— PROBLEM TO WORK ON —
Every line from the one with "grayscale photo of" up to and including the one with "AI generated Confident" is to be output exactly as it appears below; pictures are not.

┌─ LISTED ENTRIES

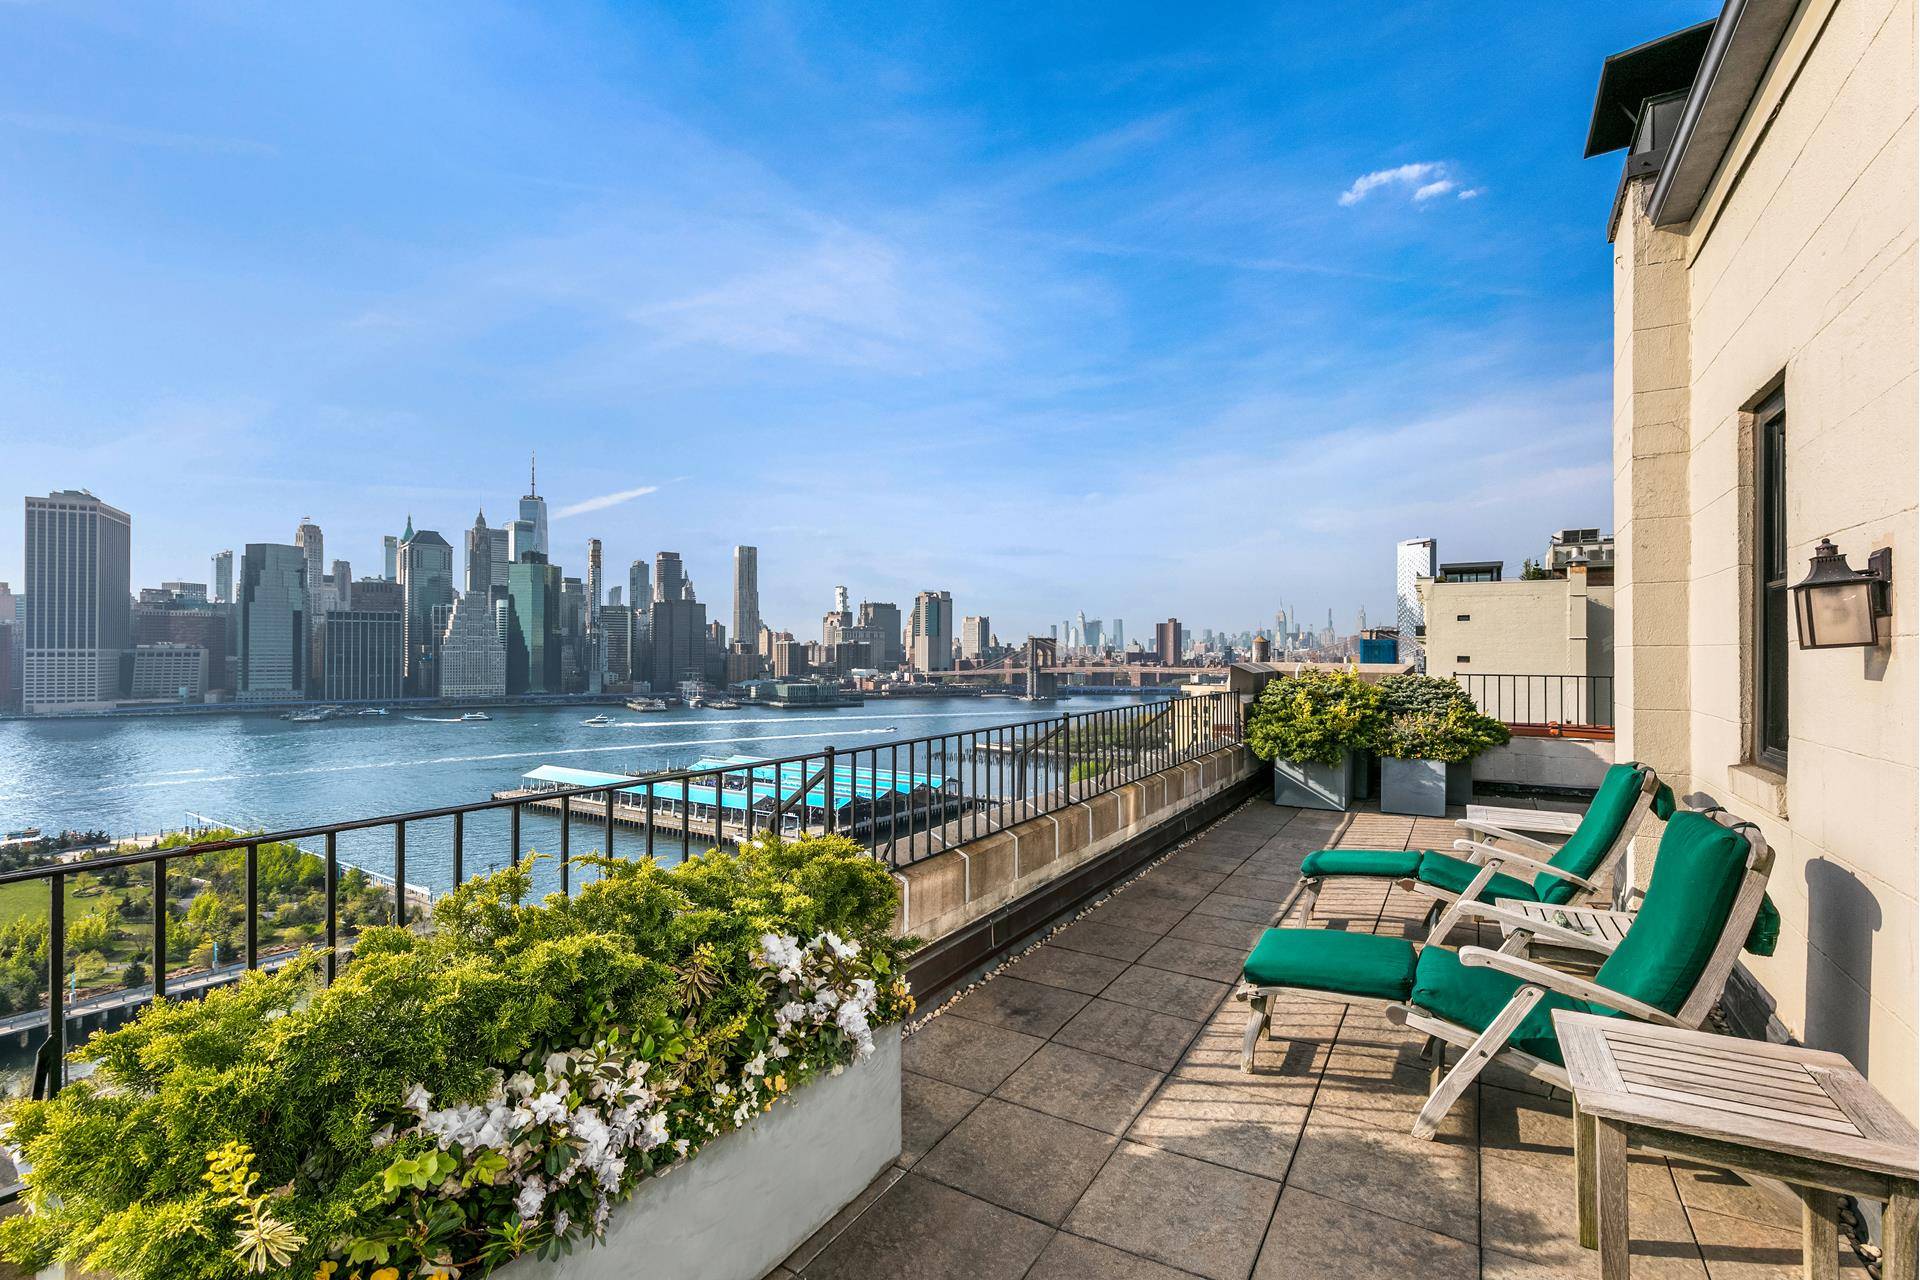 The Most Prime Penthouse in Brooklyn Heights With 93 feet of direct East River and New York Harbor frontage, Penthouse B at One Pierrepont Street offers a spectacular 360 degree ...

└─
┌─ LISTED ENTRIES

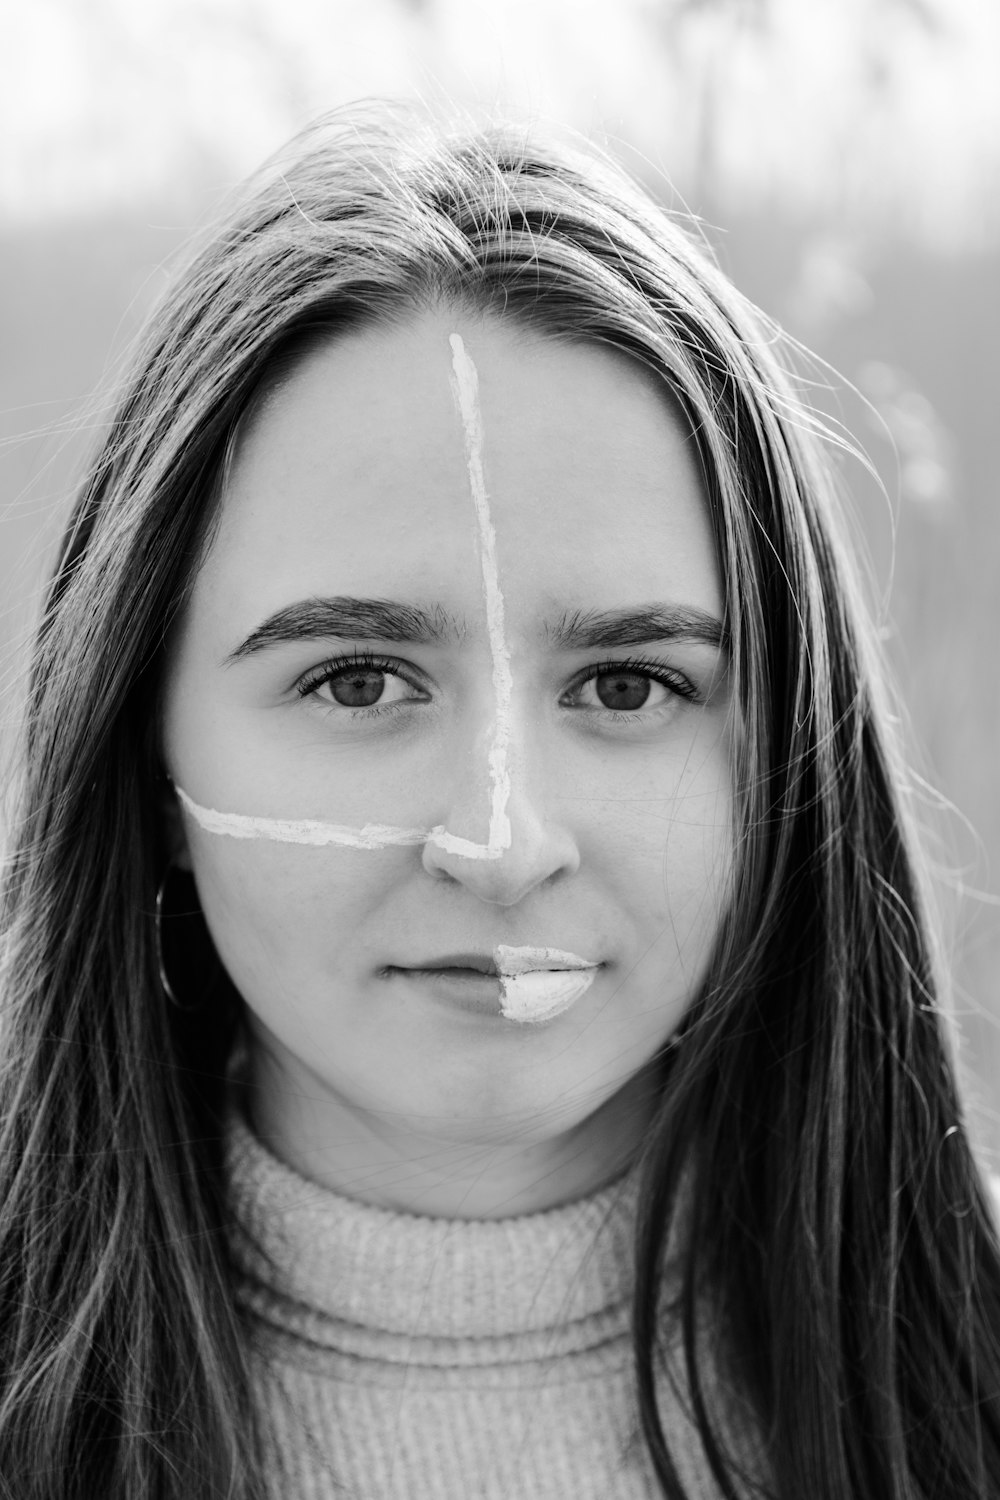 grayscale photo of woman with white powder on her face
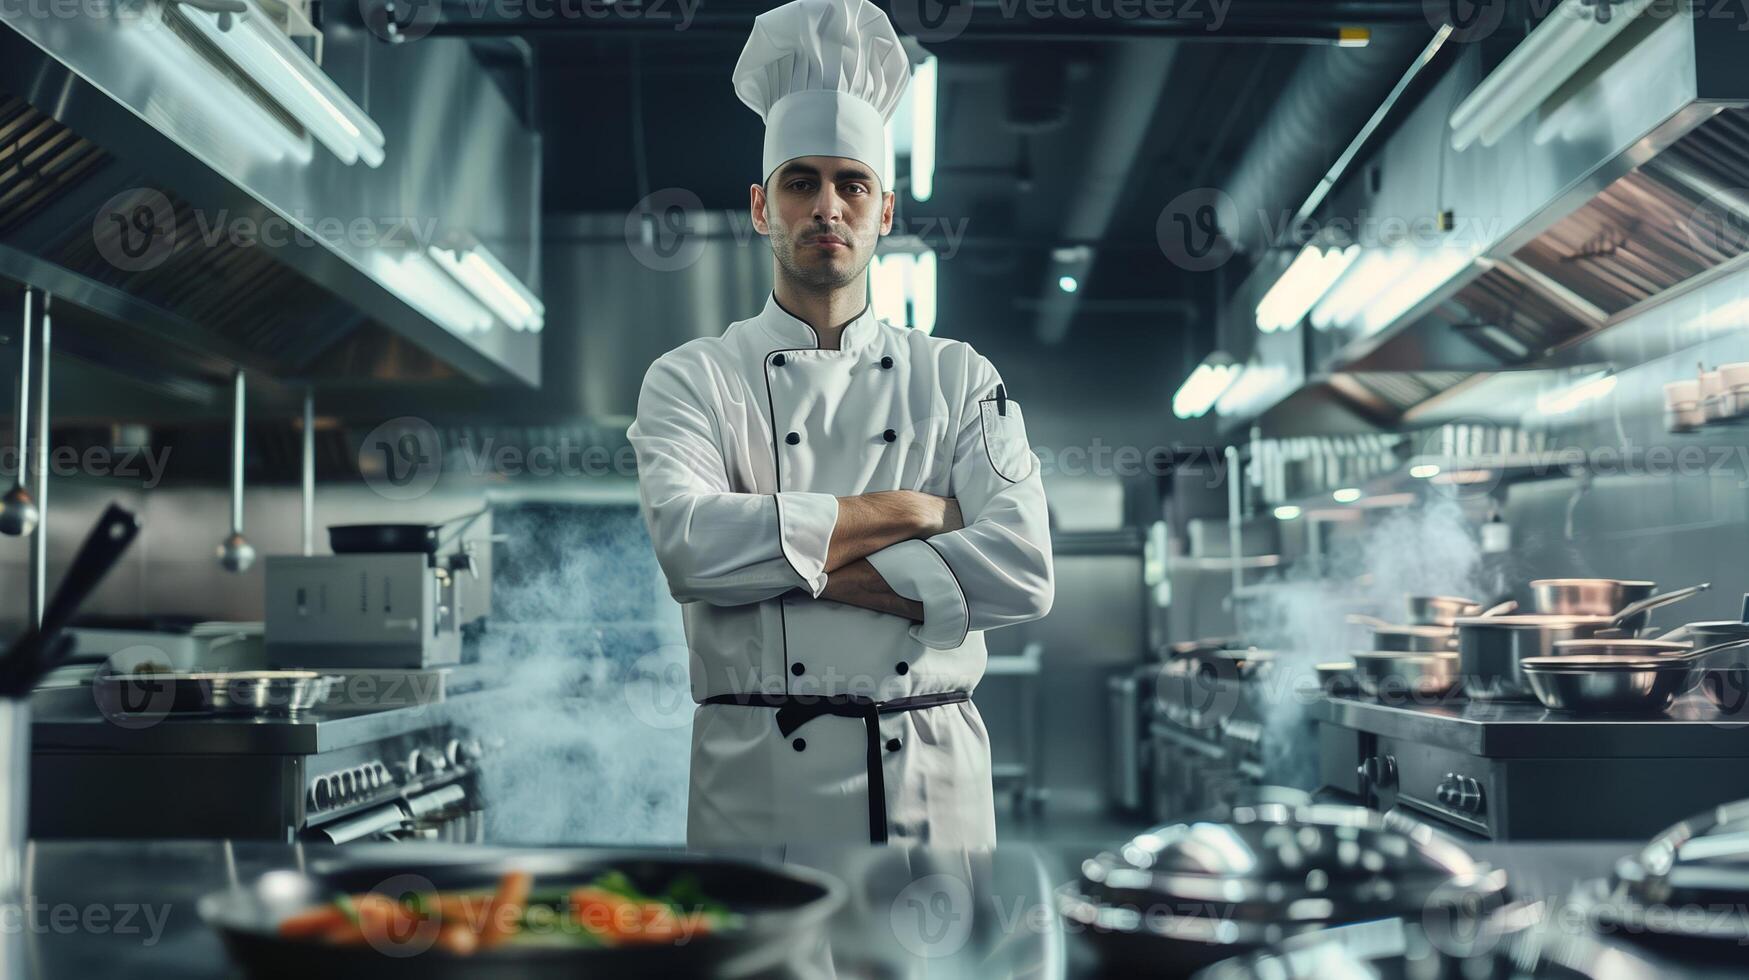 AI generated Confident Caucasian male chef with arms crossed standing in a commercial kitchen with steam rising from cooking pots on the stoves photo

└─

— WRITTEN SOLUTION —
 grayscale photo of woman with white powder on her face
 AI generated Confident Caucasian male chef with arms crossed standing in a commercial kitchen with steam rising from cooking pots on the stoves photo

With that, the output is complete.